Un hombre podía divorciarse de su esposa siempre que reintegrara la dote a su suegro. También podía ofrecerla directamente a un nuevo marido, sin pedir la opinión de la interesada. Las mujeres podían divorciarse en caso de maltrato, pero no solicitarlo ellas mismas: debían recurrir a un pariente que estuviera dispuesto a representarlas, cosa que raramente sucedía. Los hijos siempre permanecían bajo la tutela paterna.
Cortesana y su cliente, peliké ática de figuras rojas de Polignoto, c.430 a. C., Museo Arqueológico Nacional de Atenas. |
Al margen de las esposas, había en la antigua Grecia otras tipologías de mujer, desde las prostitutas hasta las concubinas.
Las pornai, prostitutas corrientes, trabajaban en burdeles, aunque podían captar a sus clientes en la calle. Eran esclavas y, como tales, llevaban el pelo corto. La prostitución era una actividad regulada y sujeta a impuestos. Generalmente las explotaban proxenetas masculinos, aunque también podían estar al mando de una hetaira adinerada.

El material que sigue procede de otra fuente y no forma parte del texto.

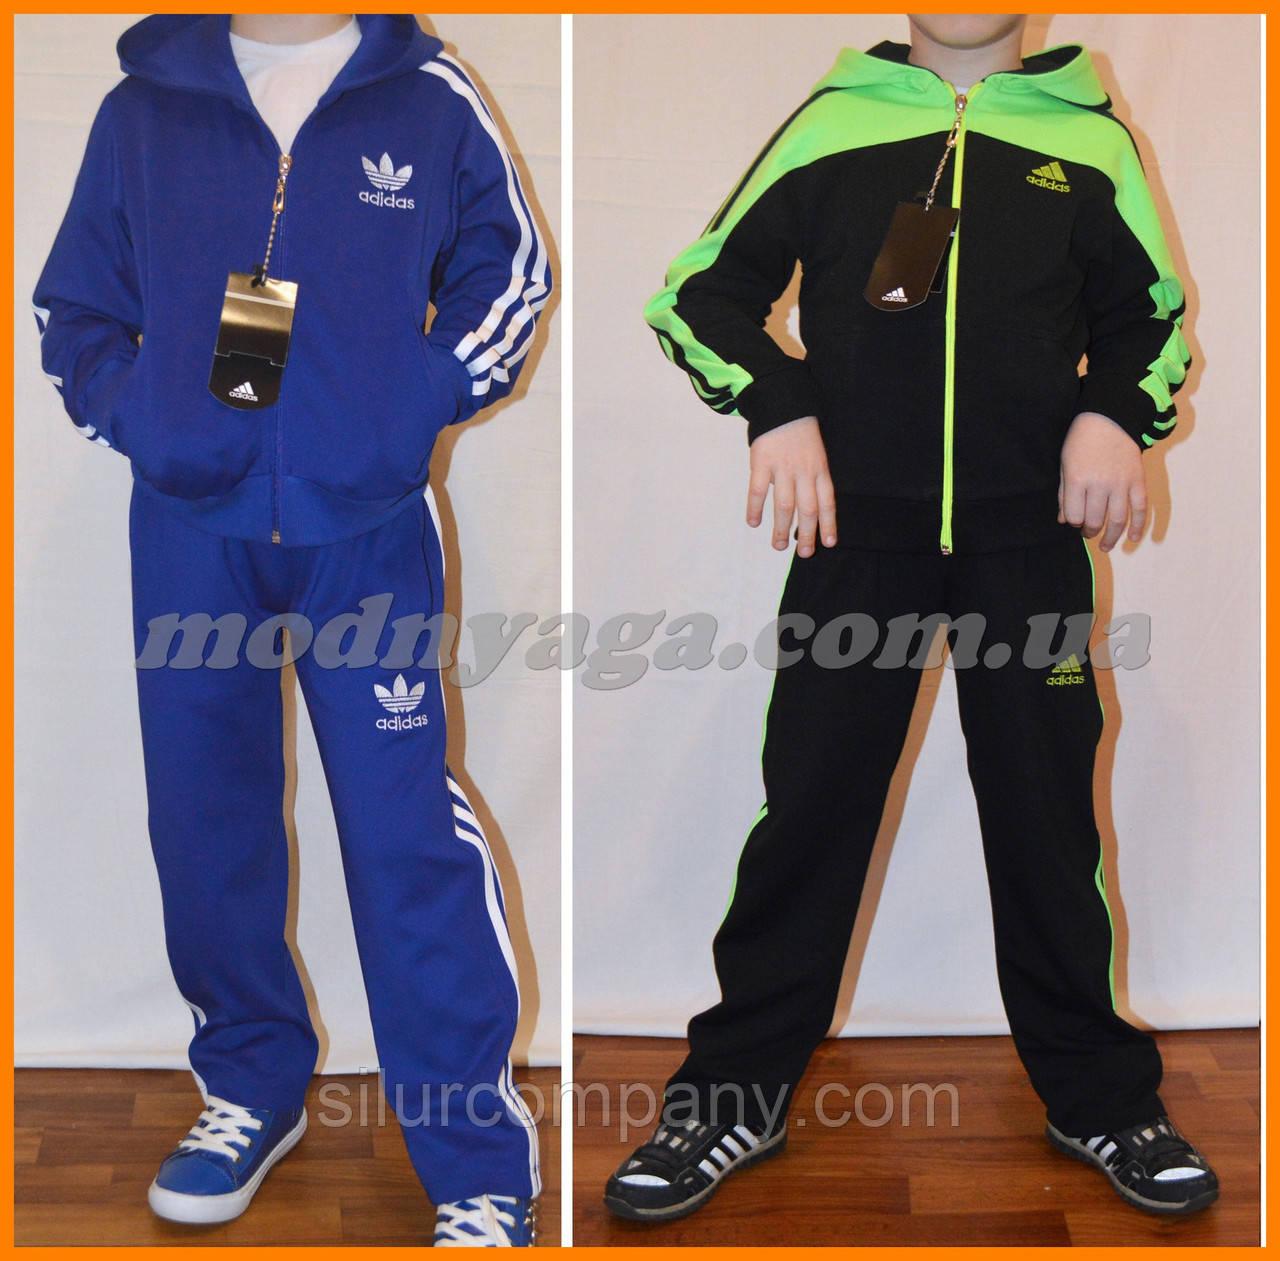 4eff9f35 Интернет магазин спортивной одежды adidas – Коллекции одежды
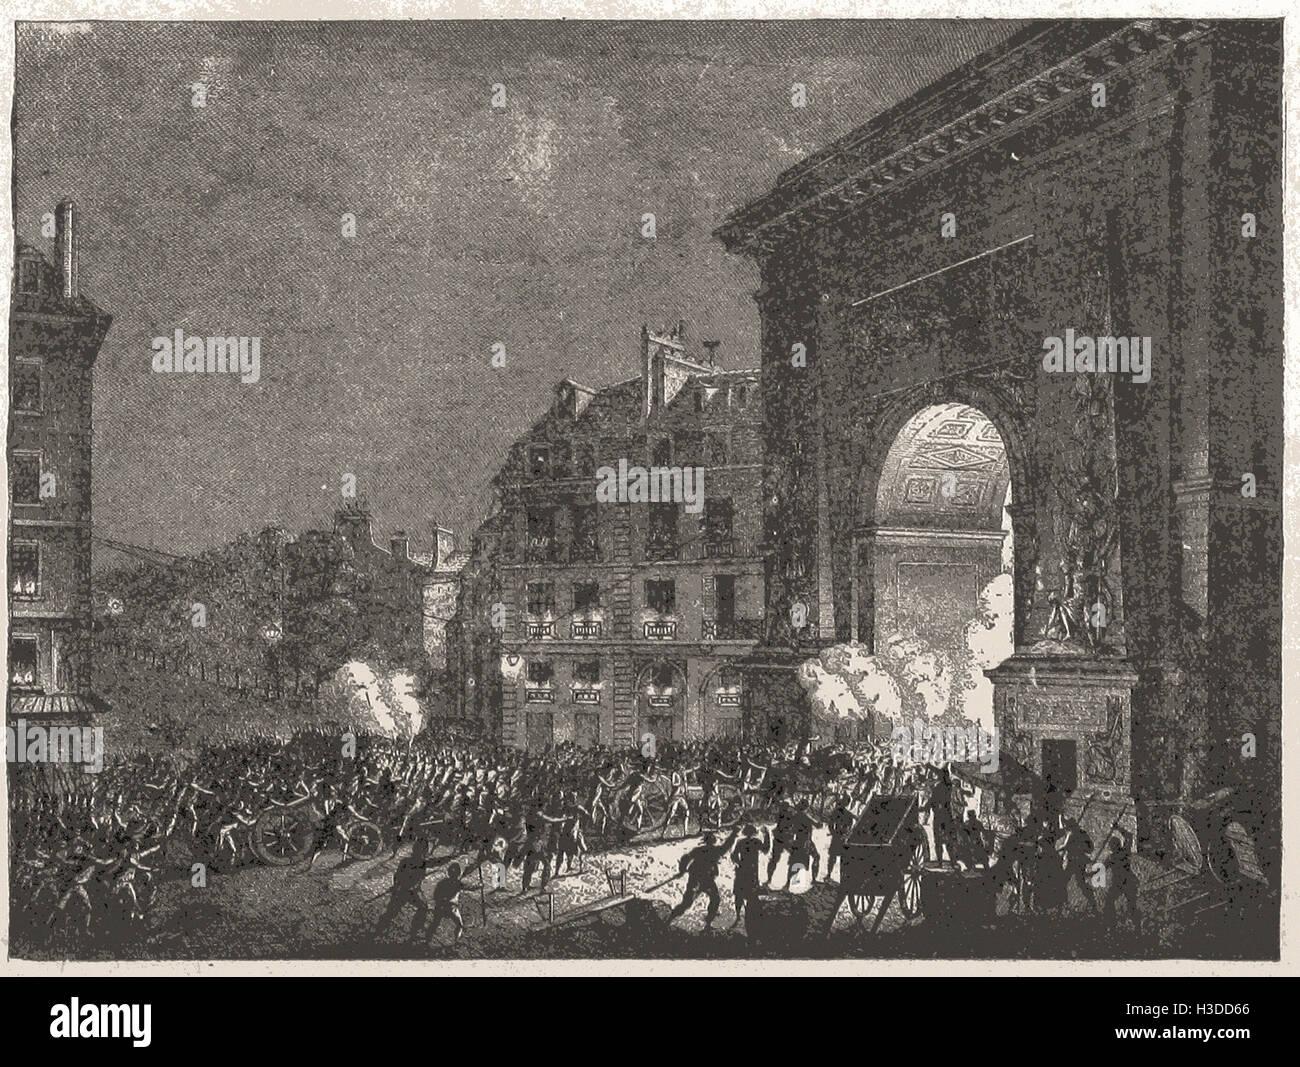 DIE MENSCHEN SAMMELN ARME IN DER NACHT, PARIS, 13. JULI 1789 Stockbild

Estas, las hetairai, eran cortesanas o prostitutas de lujo. En griego, la palabra significaba literalmente “compañeras”. Eran las únicas mujeres que frecuentaban los simposia (banquetes masculinos en que los miembros de una hermandad se reunían para comer y emborracharse juntos). Debían sumar a su talento erótico otras habilidades, como danzar, recitar poemas, tocar instrumentos musicales y entablar conversaciones ingeniosas. Podían ser libres y ejercer como profesionales independientes; algunas instruían a sus hijas en el oficio y acababan regentando un pequeño negocio familiar. Siempre, eso sí, con la protección de algún aristócrata que las librara de las molestias de la gynaikonomoi, un cuerpo de policía que vigilaba la conducta moral de las mujeres.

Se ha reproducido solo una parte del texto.